Thanks once again for showing us that penturning is an "open ended" craft and there is always something new around the corner!


----------



## ldb2000 (Aug 20, 2017)

Hey Skippy
You have always been and always be my Hero !!!


----------



## stuckinohio (Aug 20, 2017)

WOW!


----------



## lorbay (Aug 20, 2017)

ldb2000 said:


> Hey Skippy
> You have always been and always be my Hero !!!



He may be your hero but do you have one of his pens.  I do 
Lin


----------



## magpens (Aug 20, 2017)

I am jealous, Lin !!!!!


----------



## skiprat (Aug 21, 2017)

Thanks again for all your kind comments, guys. :biggrin: . Always appreciated:wink:

Hey Butch.....wanna go out on a date??:tongue:


----------



## OZturner (Aug 21, 2017)

Unbelievably Brilliant Steven,
Outstanding Concept and Immaculate Execution.
Most of us are Delighted on the occasions we are able to think Outside the Square, whereas You spend most of your Time Outside the Box.

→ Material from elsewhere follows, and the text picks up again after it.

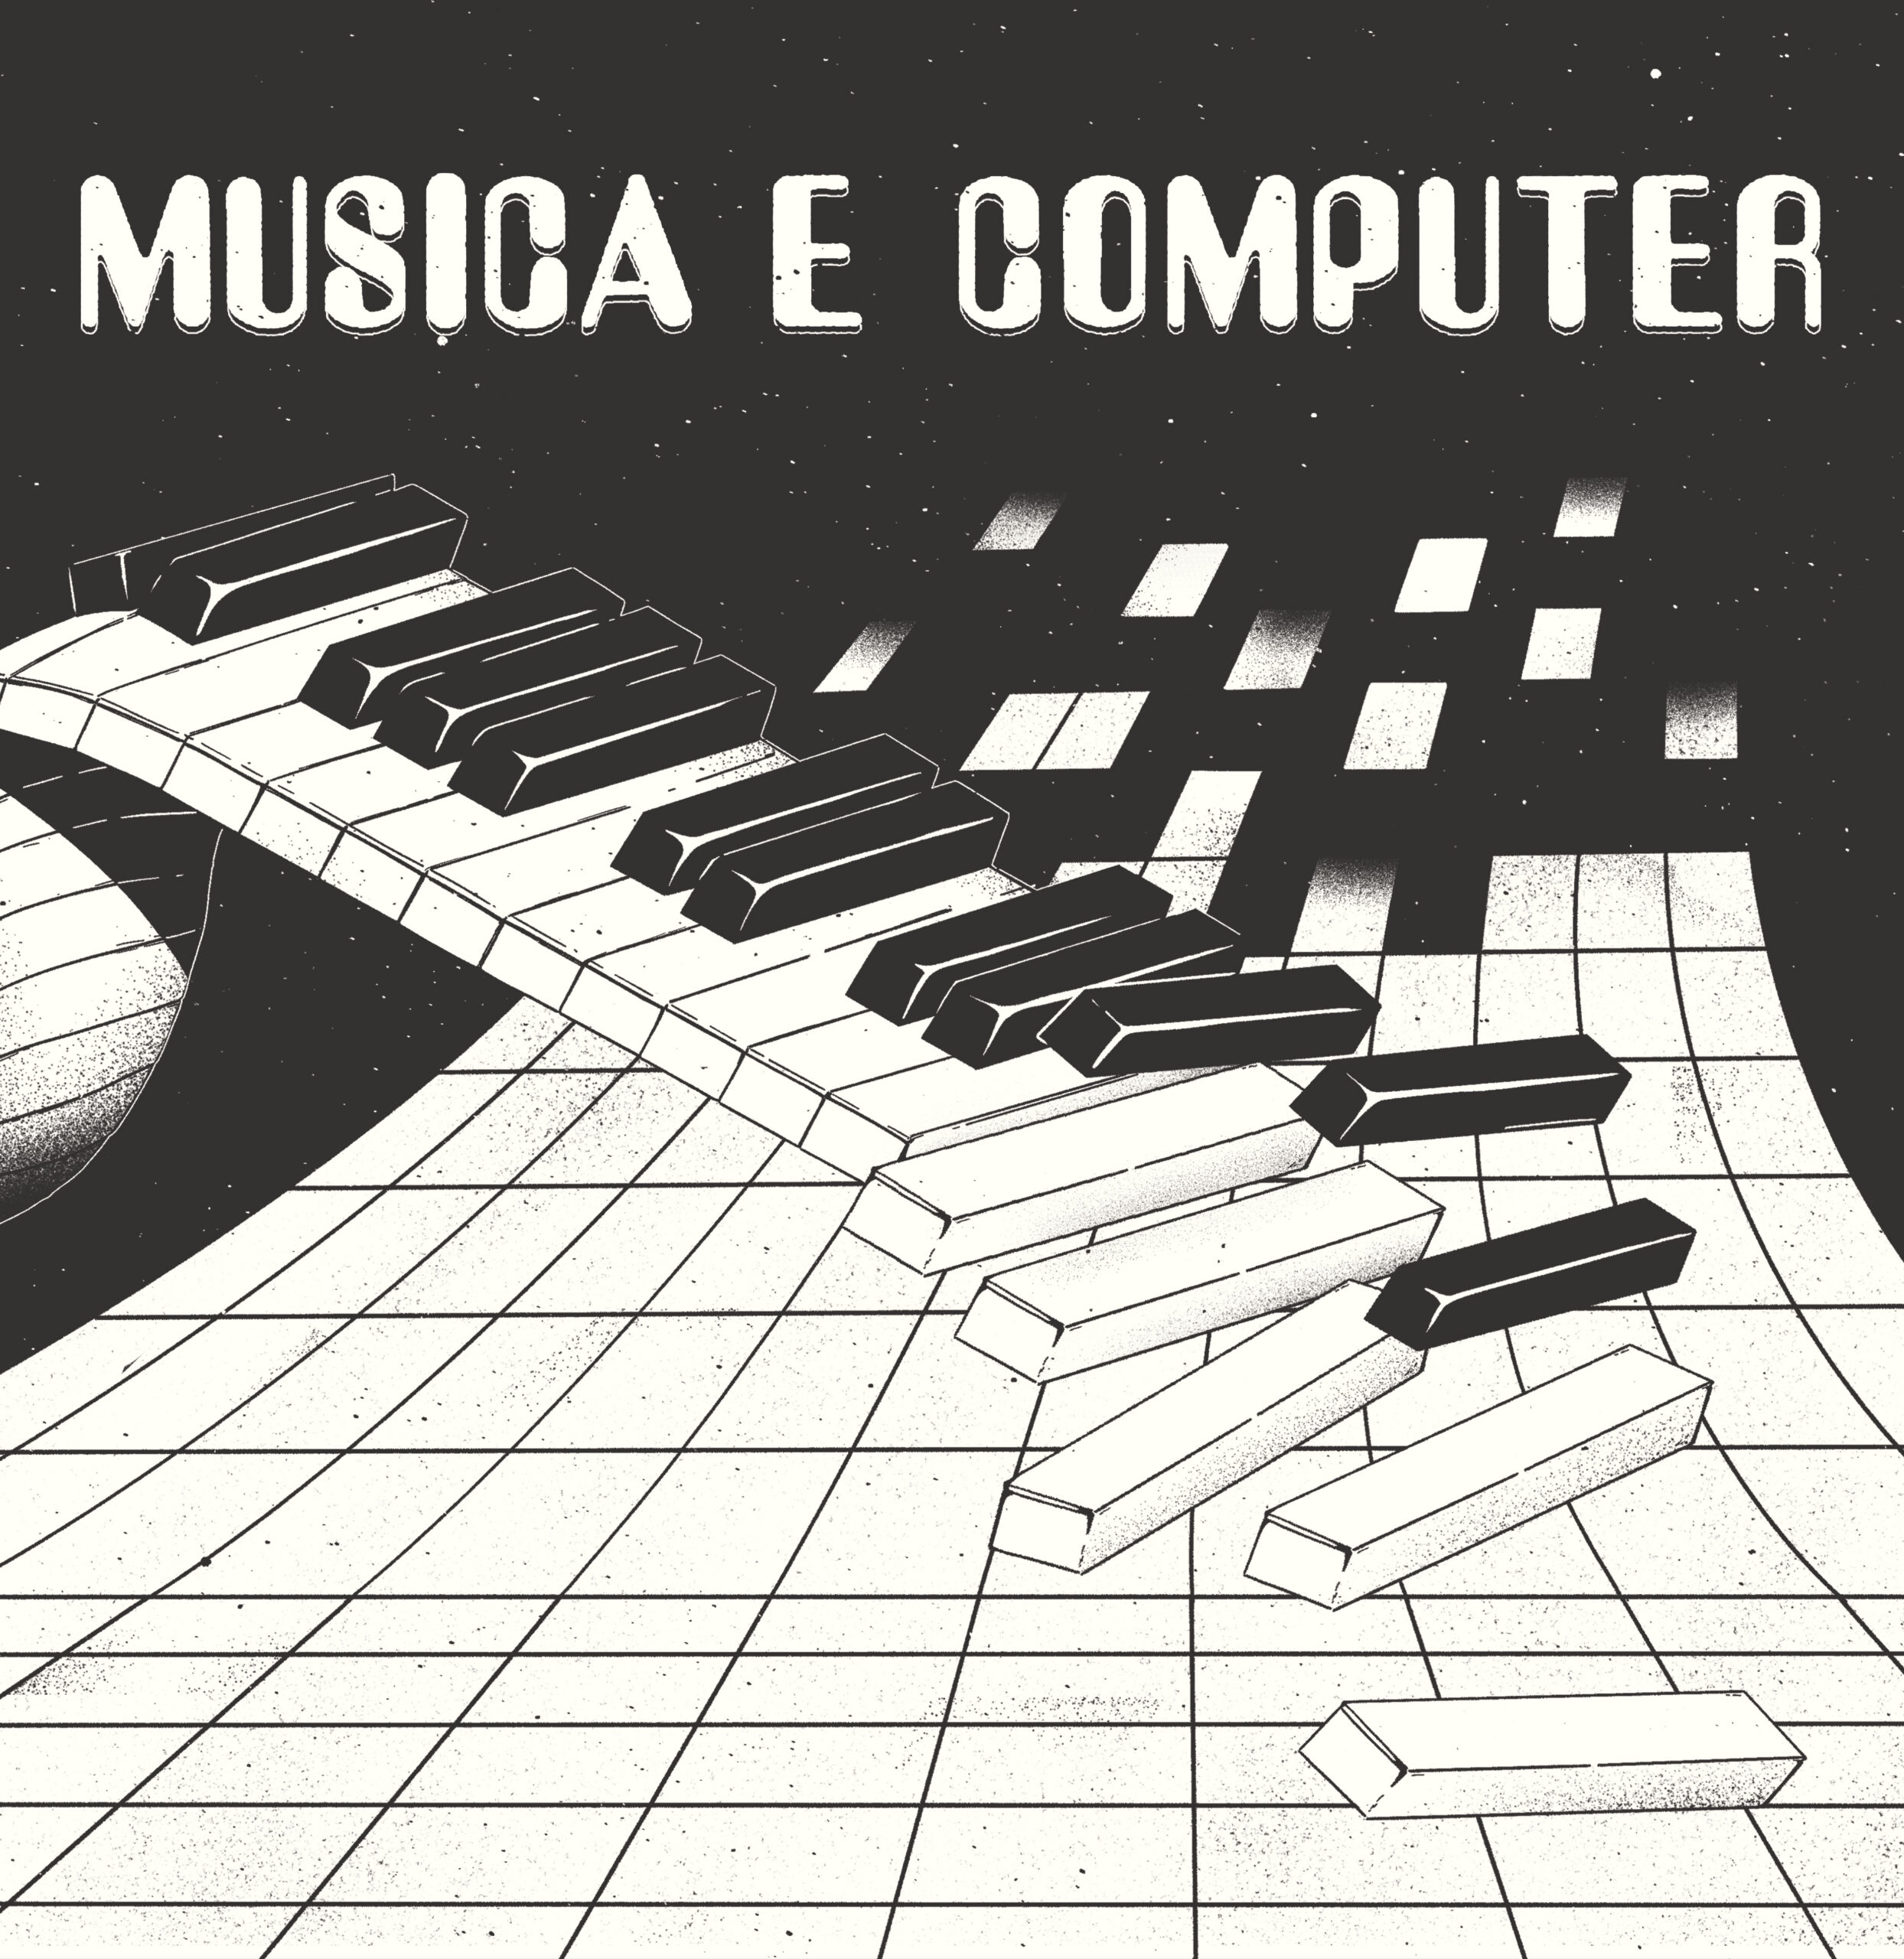 Musica E Computer by Rodion & Mammarella

Developing Concepts and Producing Incredible Works of PenArt.
I am Completely Blown Away.
Thank You,
Brian.


----------



## ldb2000 (Aug 23, 2017)

Sorry to say Lin he don't love me enough :crying: That's ok though my shop is almost ready so I'll just steal another of his ideas and make my own

Ok by me Skippy but if we dance I lead  :tongue:


----------



## skiprat (Aug 23, 2017)

Sod the dance.....I reckon we just cut to the chase.....:tongue:

But just like always....I'll do the leading...:biggrin:


----------



## ldb2000 (Aug 23, 2017)

You cheeky monkey .... I hope you'll buy me dinner at the very least :biggrin:


----------



## bmcclellan (Aug 23, 2017)

WOW!


----------



## Katya (Aug 23, 2017)

YOW! That's just amazing! It's always a pleasure to see what you'll come up with.


----------



## MikeL (Aug 24, 2017)

Ingenious and very artistic!


----------



## Paul in OKC (Aug 24, 2017)

Chisel drop! I think I'll just quit now. That is way cool.


----------



## skiprat (Aug 24, 2017)

Thanks again folks.:wink:


----------